I am a bit lost, this looks like some silly mistake - but I have no clue what that can be. Here is the test session:
mysql> drop table articles;
Query OK, 0 rows affected (0.02 sec)
mysql> CREATE TABLE articles (body TEXT, title VARCHAR(250), id INT NOT NULL auto_increment, PRIMARY KEY(id)) ENGINE = MYISAM;
Query OK, 0 rows affected (0.02 sec)
mysql> ALTER TABLE articles ADD FULLTEXT(body, title);
Query OK, 0 rows affected (0.02 sec)
Records: 0 Duplicates: 0 Warnings: 0
mysql> insert into articles(body) values ('Maya');
Query OK, 1 row affected (0.00 sec)
mysql> SELECT * FROM articles WHERE MATCH(title, body) AGAINST('Maya');
Empty set (0.00 sec)
mysql> select * from articles
-> ;
+------+-------+----+
| body | title | id |
+------+-------+----+
| Maya | NULL | 1 |
+------+-------+----+
1 row in set (0.00 sec)
This is on "mysqld Ver 5.1.37-1ubuntu5 for debian-linux-gnu on i486 ((Ubuntu))".
Here is the script for simple cut and paste (please try it and verify if it works on your system):
CREATE TABLE articles (body TEXT, title VARCHAR(250), id INT NOT NULL auto_increment, PRIMARY KEY(id)) ENGINE = MYISAM;
ALTER TABLE articles ADD FULLTEXT(body, title);
insert into articles(body) values ('Maya');
SELECT * FROM articles WHERE MATCH(title, body) AGAINST('Maya');
MySQL Full-Text Search is enabled by adding a FULLTEXT index to your searchable fields.
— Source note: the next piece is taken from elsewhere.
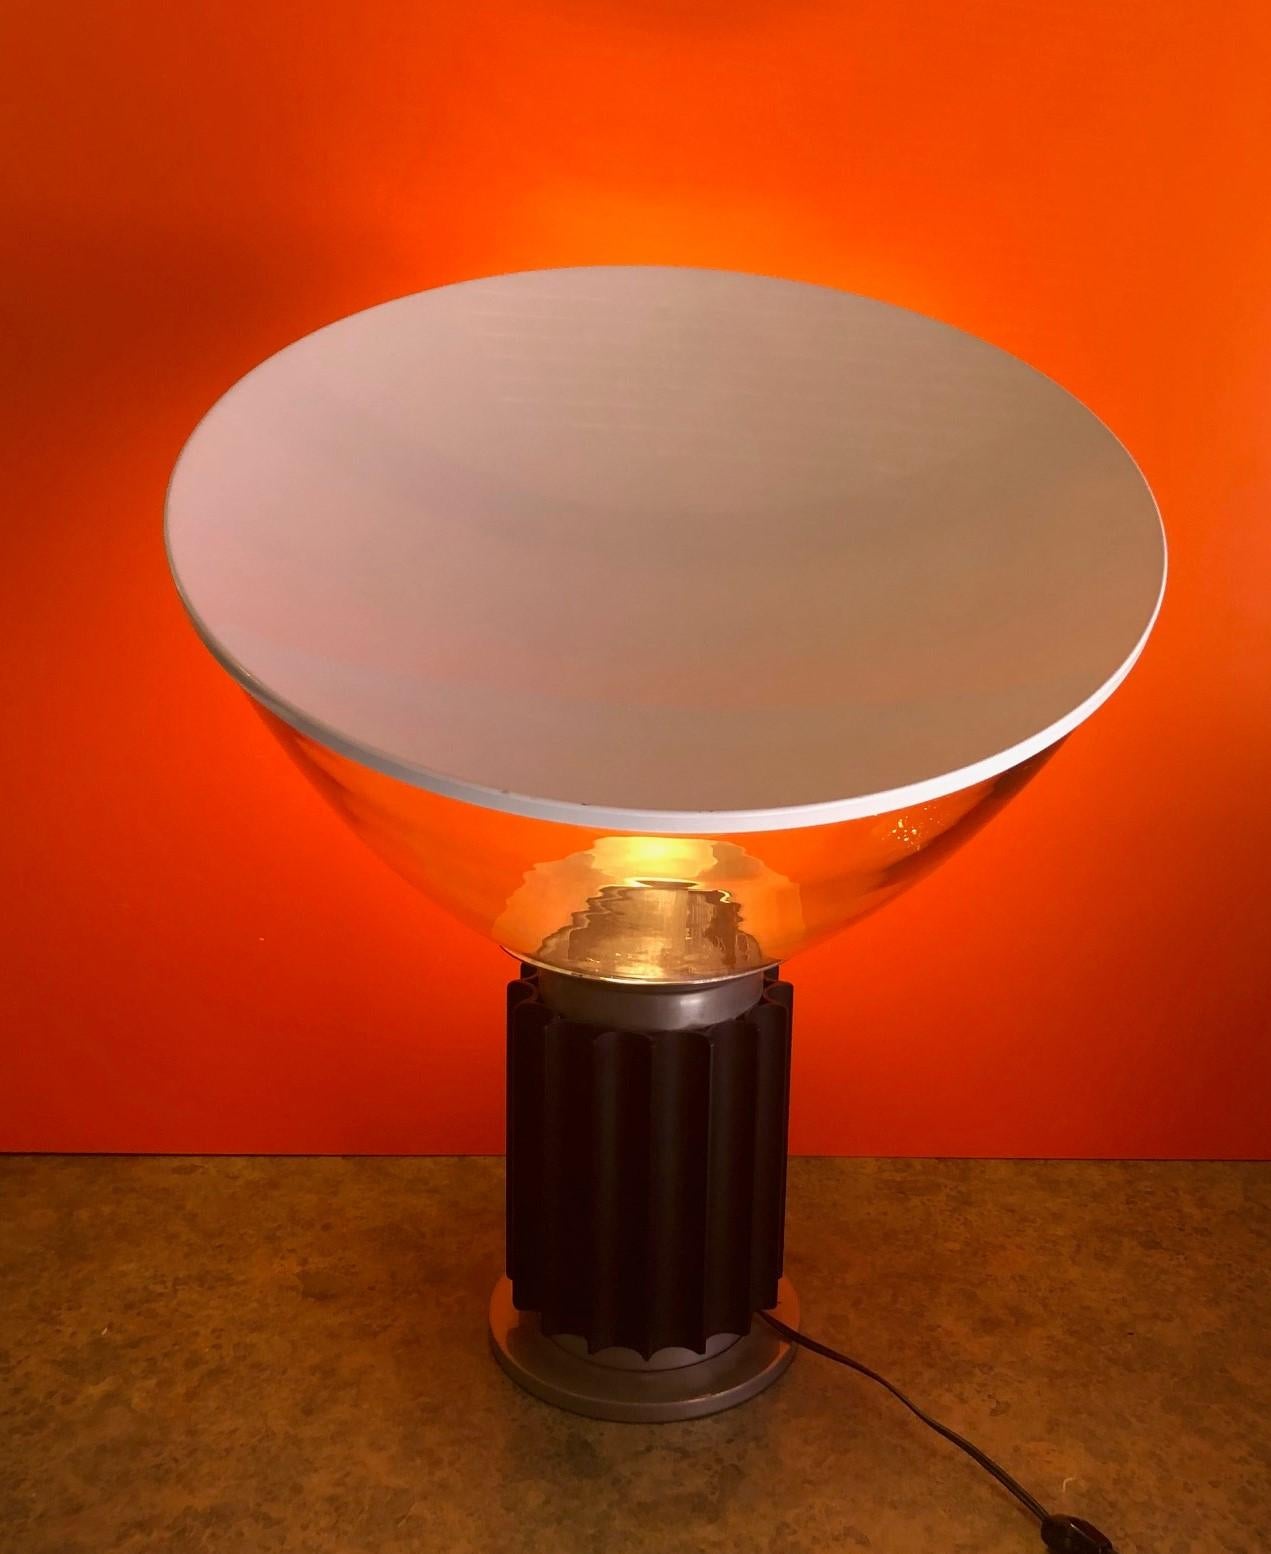 Mid-Century Modern Taccia Table Lamp Designed by Achille Castiglioni for Flos Early Production
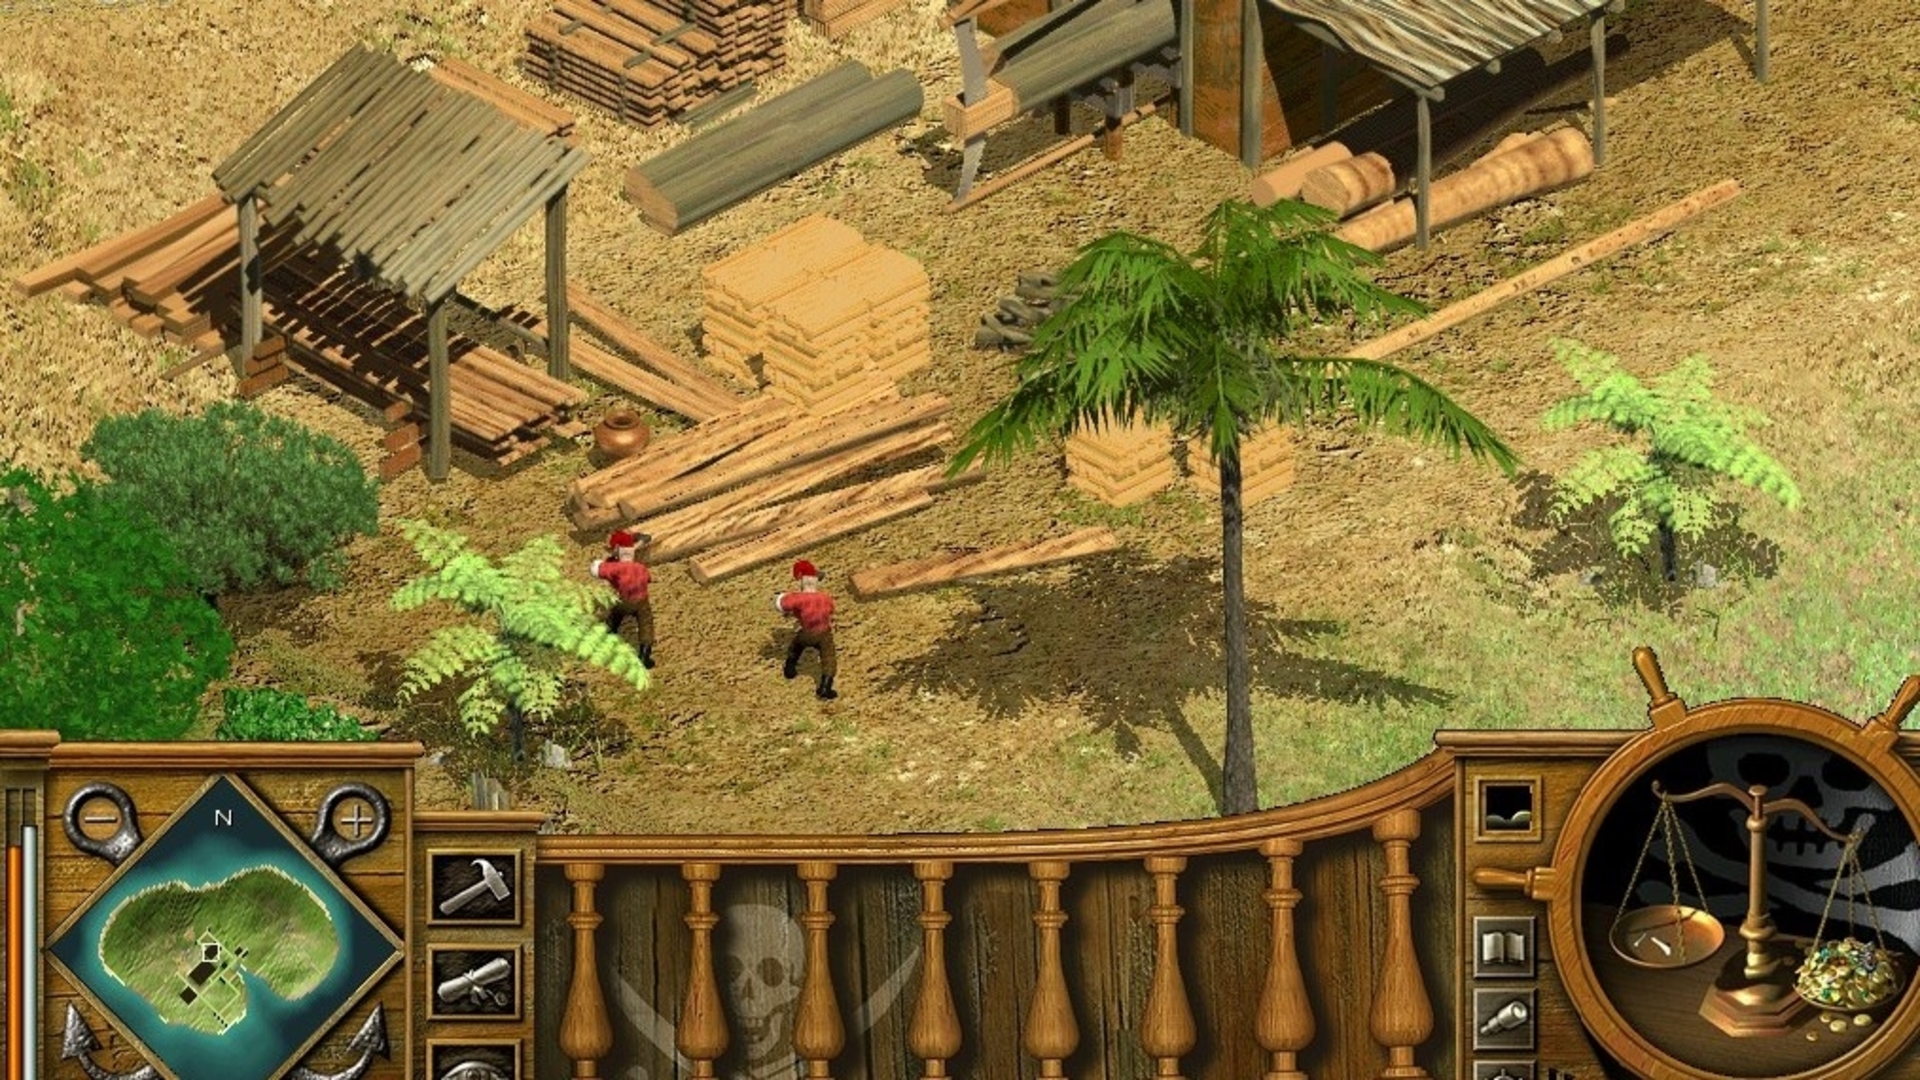 Best Pirate games: two pirates building a shack in Tropico 2 - Pirates Cove.

You then use MATCH ... AGAINST with one of three searching modes to get your results. Natural language queries return a search relevance score which you can use to rank your results.
Full-text indexes are created on text-based columns ( CHAR , VARCHAR , or TEXT columns) to speed up queries and DML operations on data contained within those columns. A full-text index is defined as part of a CREATE TABLE statement or added to an existing table using ALTER TABLE or CREATE INDEX .
To drop a FULLTEXT index, you use the ALTER TABLE DROP INDEX statement.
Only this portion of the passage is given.